## Your task:
Retype all of the listing exactly, passing over any picture you find.

## Data:
* * * * *
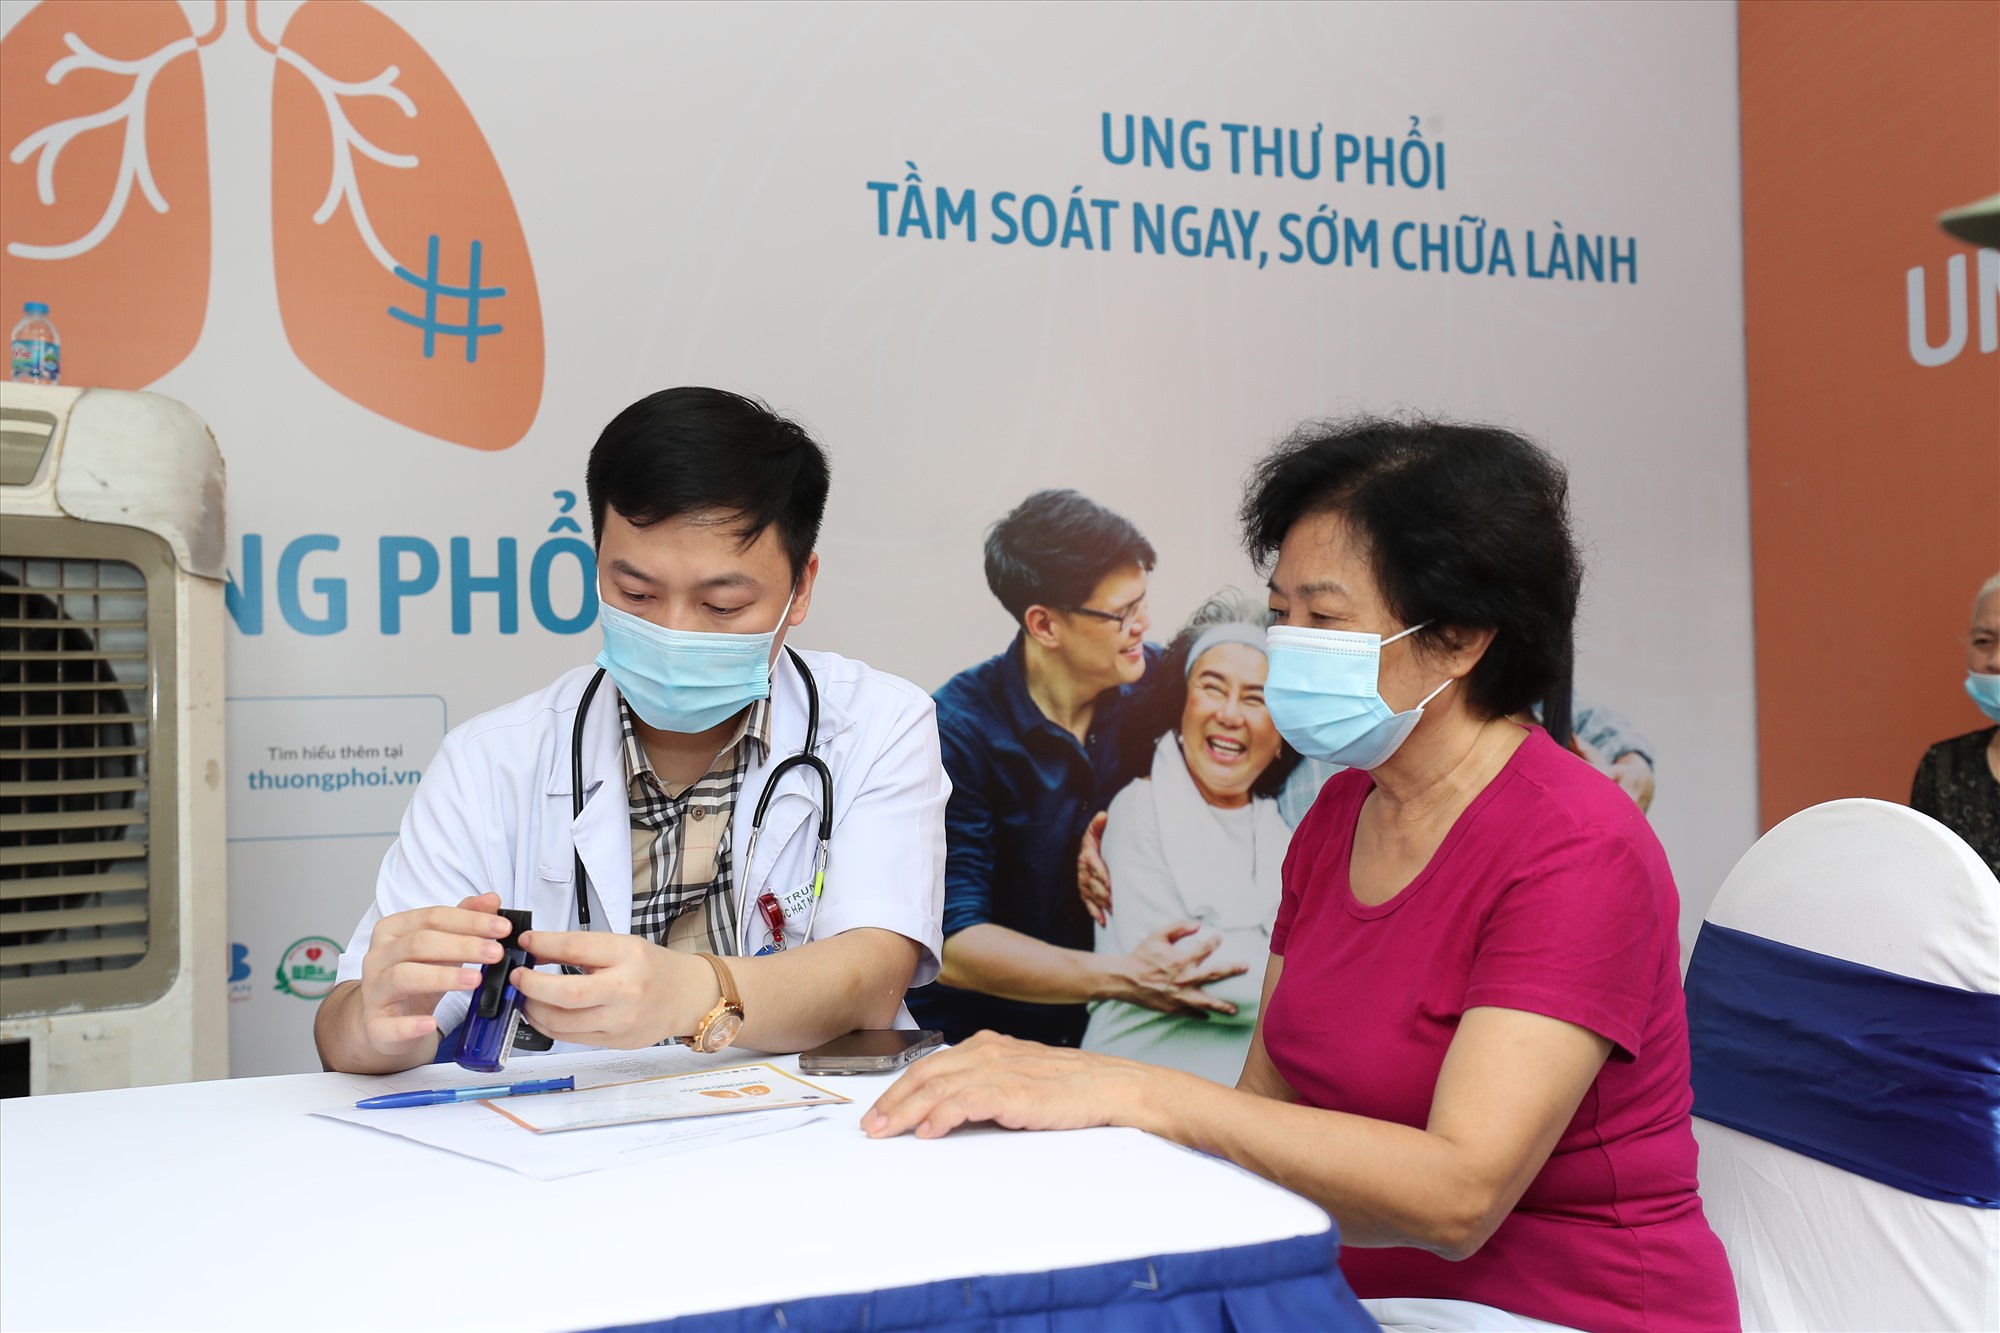 Ung thư phổi đứng thứ 2 về tỉ lệ mắc mới tại Việt Nam
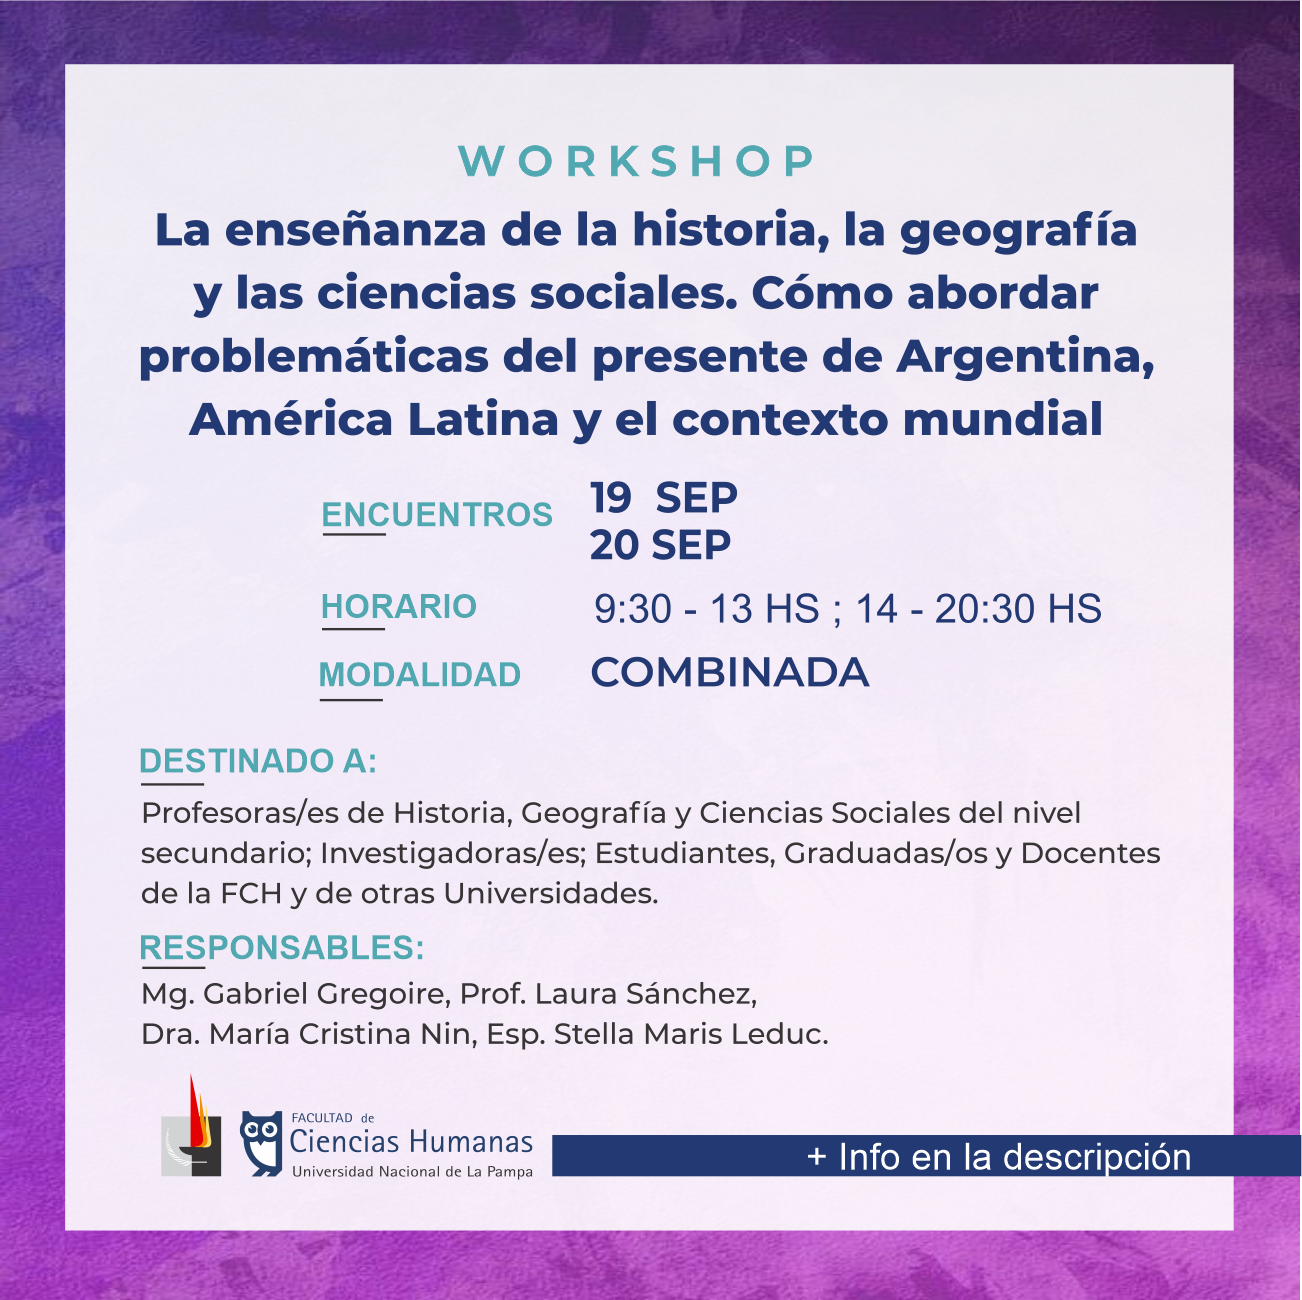 Workshop: La enseñanza de la historia, la geografía y las ciencias sociales. Cómo abordar problemáticas del presente de Argentina, América Latina y el contexto mundial
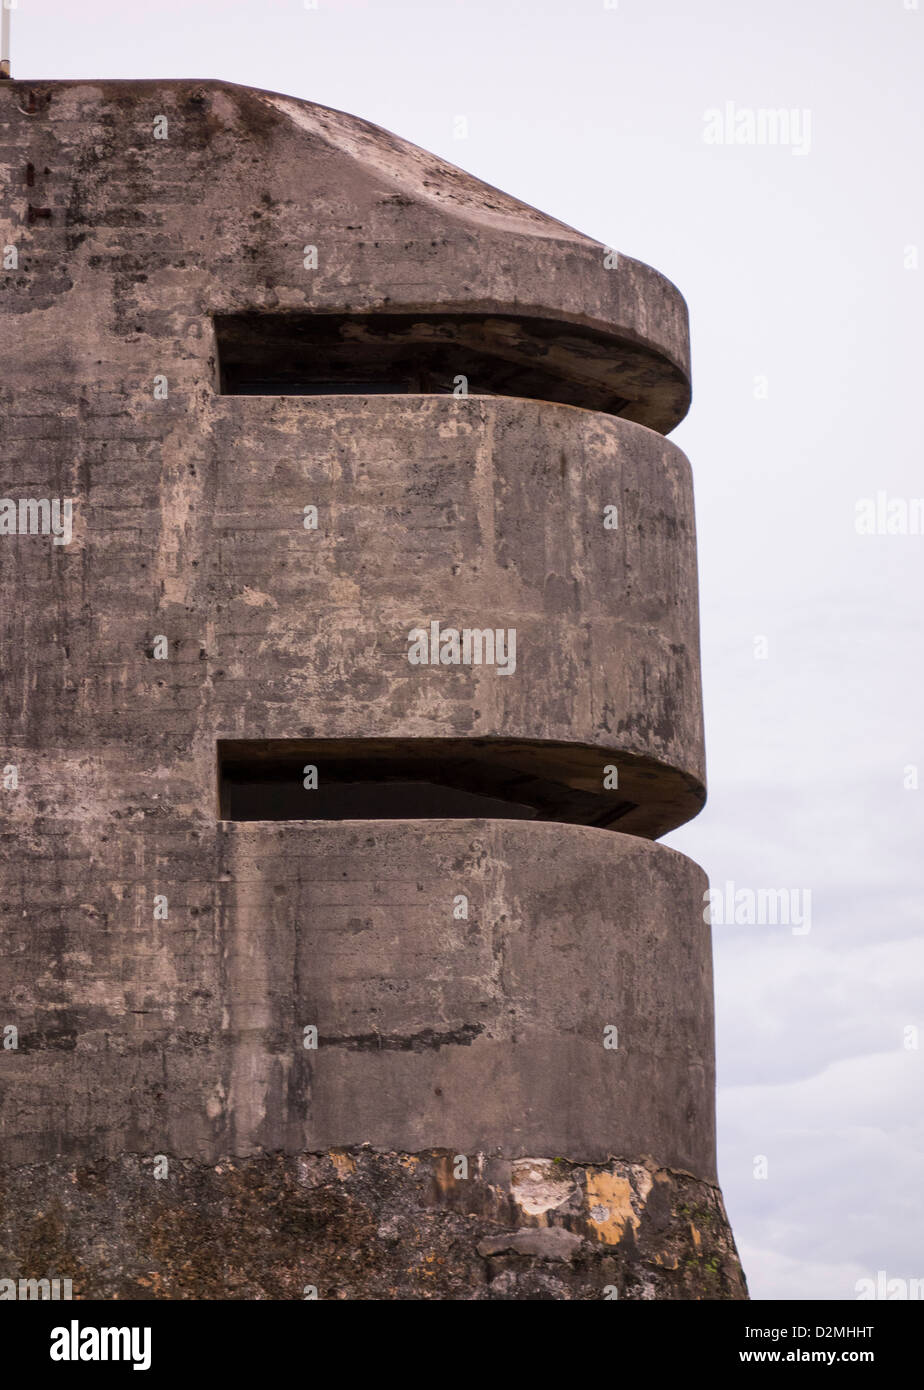 La vecchia San Juan, Puerto Rico - II Guerra Mondiale della torretta di osservazione al Castillo San Cristobal fort. Foto Stock
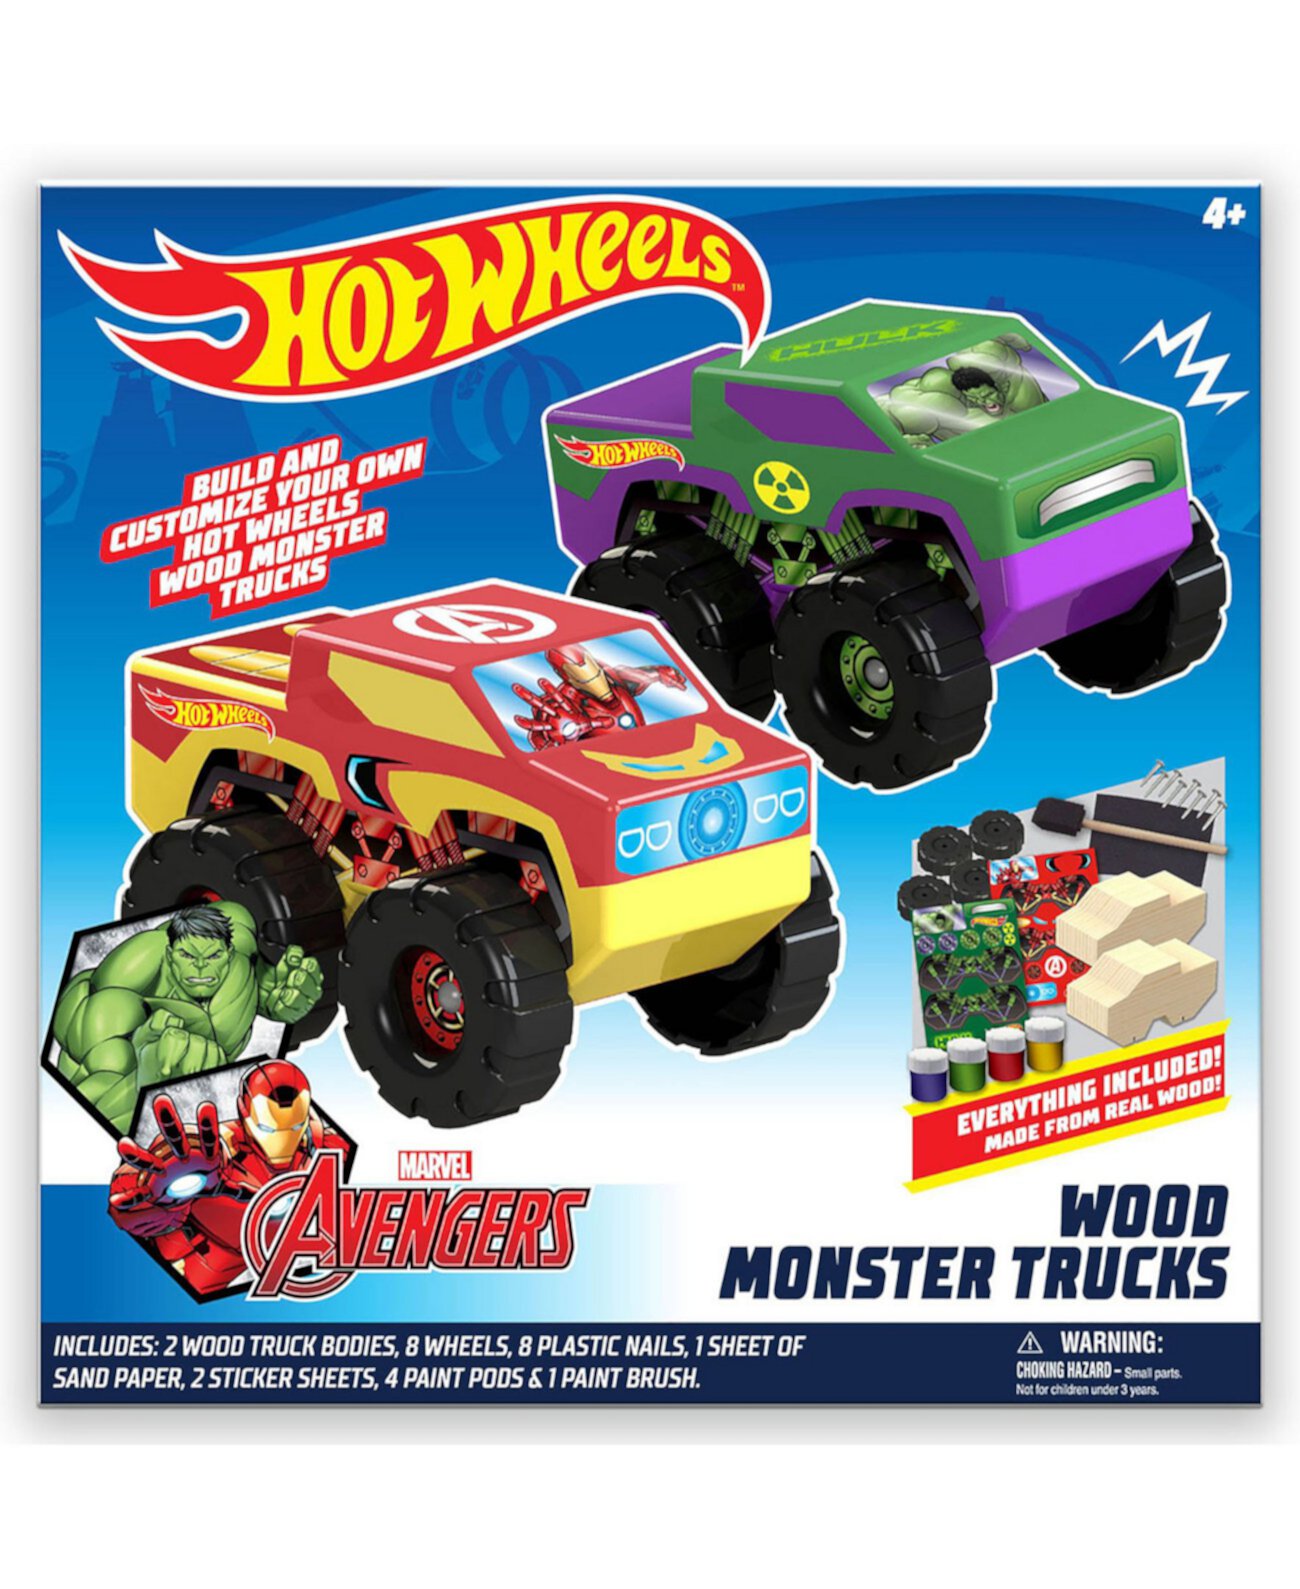 Игрушечные деревянные грузовики-монстры своими руками - 2 шт. (Marvel Avengers Hulk и Ironman) Hot Wheels
* * * * *
## Response box:
 Ung thư phổi đứng thứ 2 về tỉ lệ mắc mới tại Việt Nam
 Workshop: La enseñanza de la historia, la geografía y las ciencias sociales. Cómo abordar problemáticas del presente de Argentina, América Latina y el contexto mundial
 La vecchia San Juan, Puerto Rico - II Guerra Mondiale della torretta di osservazione al Castillo San Cristobal fort. Foto Stock
 Игрушечные деревянные грузовики-монстры своими руками - 2 шт. (Marvel Avengers Hulk и Ironman) Hot Wheels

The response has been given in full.